Security / PCI-DSS / GDPR
- P0-1: Mask positional PII in `_enforce_sensitive_tool` by introspecting
the wrapped function's signature and applying `SENSITIVE_ARG_KEYS` to
positional params. Pre-fix, `charge("4111-…-1111", 50)` forwarded the
PAN into `/execute` and the audit log.
- P0-6 / P3-3: `_safe_repr` now redacts BEFORE truncating. The pre-fix
order truncated first, so `details={…}` past position 50 leaked
verbatim. `_safe_repr` is now the single source of truth for the
redact-then-truncate flow.
Cost-audit / reliability
- P0-3: Bounded chunked reads on the sync + async httpx transports
(`MAX_RESPONSE_BYTES`, default 16 MiB, `NULLRUN_MAX_RESPONSE_BYTES`
env override). Above the cap, tracking is skipped and
`_coverage_streaming_skipped` is incremented. Replaces the
`response.read()` / `await response.aread()` unbounded buffer that
held entire LLM streaming bodies in memory.
- P0-4: `_do_flush_locked` re-queue on CB OPEN now drops the NEWEST
non-critical events instead of the oldest. The oldest events
(incident start, billing-period start) are exactly what a billing
investigator needs; losing them silently broke monthly rollups.
Control-plane events (`state_change`, `kill_received`,
`policy_invalidated`, `key_rotated`) are preserved unconditionally
so the dashboard KILL switch lands even under sustained backend
outage.
Identity
- S-8 / P2-4: `agent()` now emits `str(uuid.uuid4())` (with dashes).
Pre-fix the format was `f"agent-{uuid.uuid4().hex}"` — 32 hex chars,
no dashes — and backend UUID-typed columns dropped these to NULL
on insert. User-supplied names are still preserved verbatim.
- §7.2 #16: `workflow()` context manager now resets `span_id` (not
only `workflow_id` / `trace_id`) so nested `with span()` blocks
don't leave the inner span_id visible inside the workflow scope.
Resource leaks
- S-9: `_active_runs` on `NullRunCallback` is now an `OrderedDict`
capped at 4096 with FIFO eviction. Pre-fix the dict grew
unbounded when `on_chain_end` did not fire (some LangChain
versions short-circuit the end hook on chain-body errors).
- S-10: WebSocket reconnect loop is now capped at 10 consecutive
failures, then falls back to HTTP-poll. Pre-fix the loop ran
forever when the backend was permanently down, leaking the
WS thread.
Transport
- §7.2 #6: Separate `hmac_verify_expired_total` counter so SRE can
distinguish clock-skew (NTP drift) from forged packets. Mirrored
in both the HTTP and WebSocket verify paths.
- §7.2 #35: `CircuitBreaker.call` now dispatches the OPEN→HALF_OPEN
jitter through `_maybe_apply_open_jitter_sync` /
`_maybe_apply_open_jitter_async`. Pre-fix the jitter used
`time.sleep` before dispatching to async, which blocked the
caller's event loop on every transition.
- P2-1: `_coverage_seen` now bumps in the httpx path (sync + async).
Pre-fix the counter was only bumped by the `requests` transport,
so the dashboard's coverage view was empty for the dominant
OpenAI / Anthropic / Gemini / Mistral / Cohere traffic.
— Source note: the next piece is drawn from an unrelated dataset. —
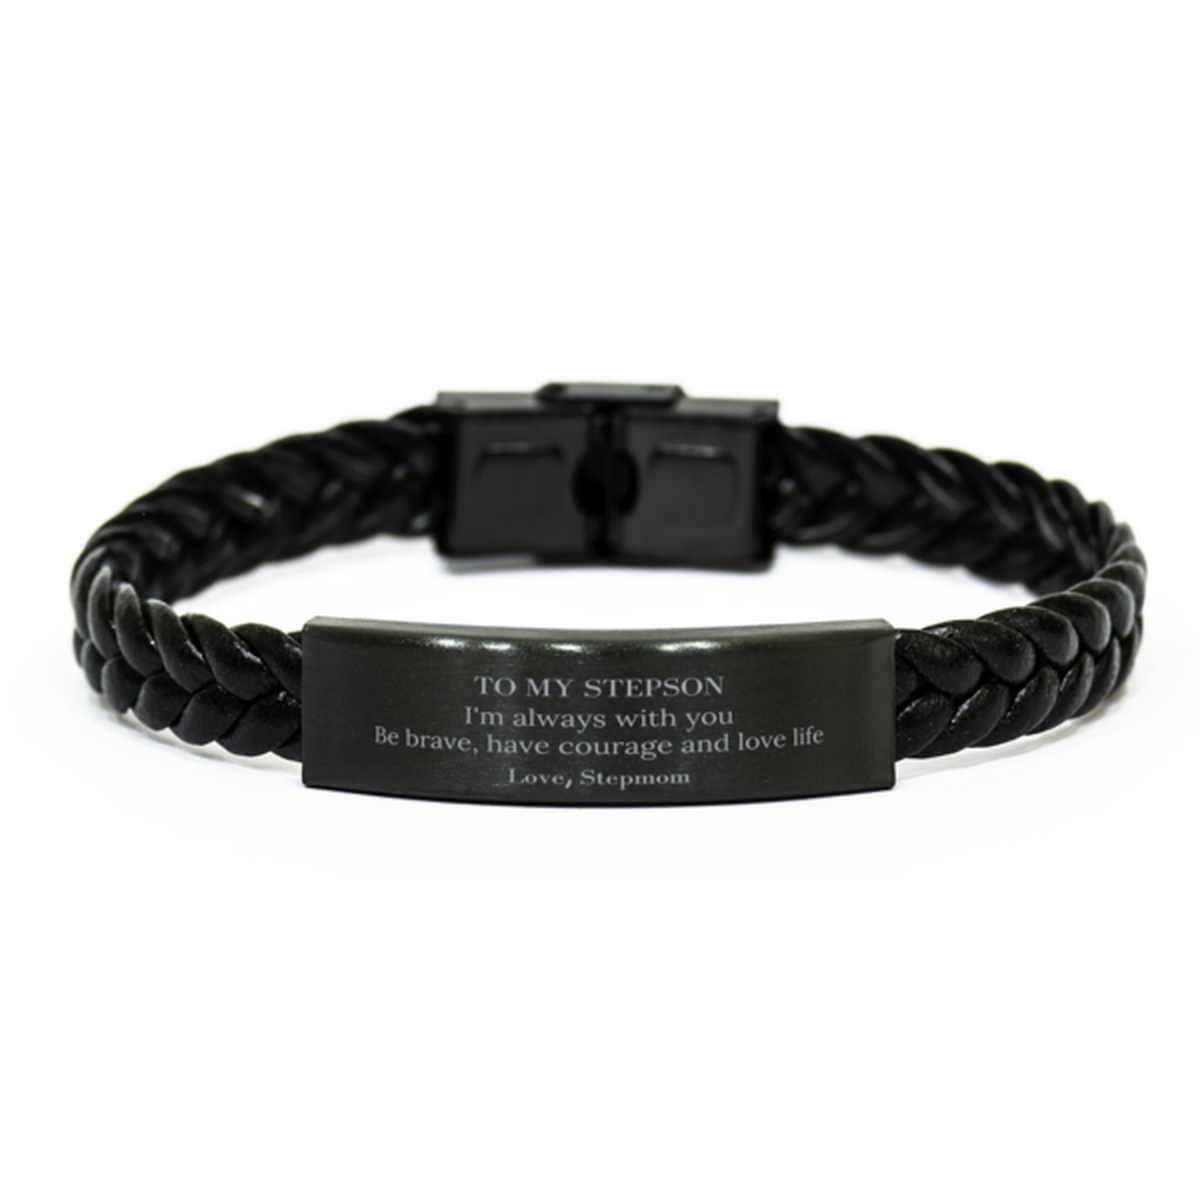 To My Stepson Gifts from Stepmom, Unique Braided Leather Bracelet Inspirational Christmas Birthday Graduation Gifts for Stepson I'm always with you. Be brave, have courage and love life. Love, Stepmom

- P2-3: `is_sensitive_tool` match is case-insensitive. Pre-fix
`"stripe.charge"` did not match `"Stripe.Charge"`, bypassing the
sensitive gate.
Concurrency
- §7.2 #39: New `_tools_lock` guards every mutation of
`_strict_mode_tools` / `_sensitive_tools`. Same lock guards the
coverage-counter bump+prune sequence (§7.2 #33) so two threads
can't both observe the dict at length 4095 and both grow it to
4097 before either prune lands.
- §7.2 #47: New `_langchain_lock` / `_langgraph_lock` guard the
patch sequences end-to-end. Pre-fix two threads racing through
`auto_instrument` could both pass the early `_x_patched` check
and double-wrap `BaseCallbackManager` / `Pregel`.
- §7.2 #33: `_COVERAGE_CAP` (4096) bounds the per-host coverage
dicts.
Webhook delivery
- P3-2: Exponential backoff (0.5s, 1s, 2s, 4s, 8s, 16s, 30s cap)
replaces the previous linear schedule. Linear didn't back off
fast enough under sustained outage — each KILL/PAUSE spawned
its own delivery thread, producing 1000+ spinning threads
hammering the dead endpoint.
WAL crash-recovery
- P1-5b: Atomic WAL writes (tmp + `fsync` + `os.replace`), 64 MiB
rotation with `os.replace(wal, wal.1)`, replay drains both
`wal.1` and `wal`. New `NULLRUN_WAL_PATH` / `NULLRUN_WAL_MAX_BYTES`
env overrides for containers with `readOnlyRootFilesystem: true`.
Tests
8 new regression test files (57 tests total):
test_agent_id_uuid.py, test_args_pii_masked.py,
test_streaming_oom_cap.py, test_lru_active_runs.py,
test_reconnect_cap.py, test_coverage_seen_httpx.py,
test_webhook_backoff.py, test_redact.py
`test_buffer_invariants.py` extended with drop-newest +
critical-event preservation cases. `test_release_polish.py`
updated to pin the 5s cap on both the sync and async jitter
helpers (post §7.2 #35 split).
Full incident write-ups in CHANGELOG.md under the same P0/S/P tags.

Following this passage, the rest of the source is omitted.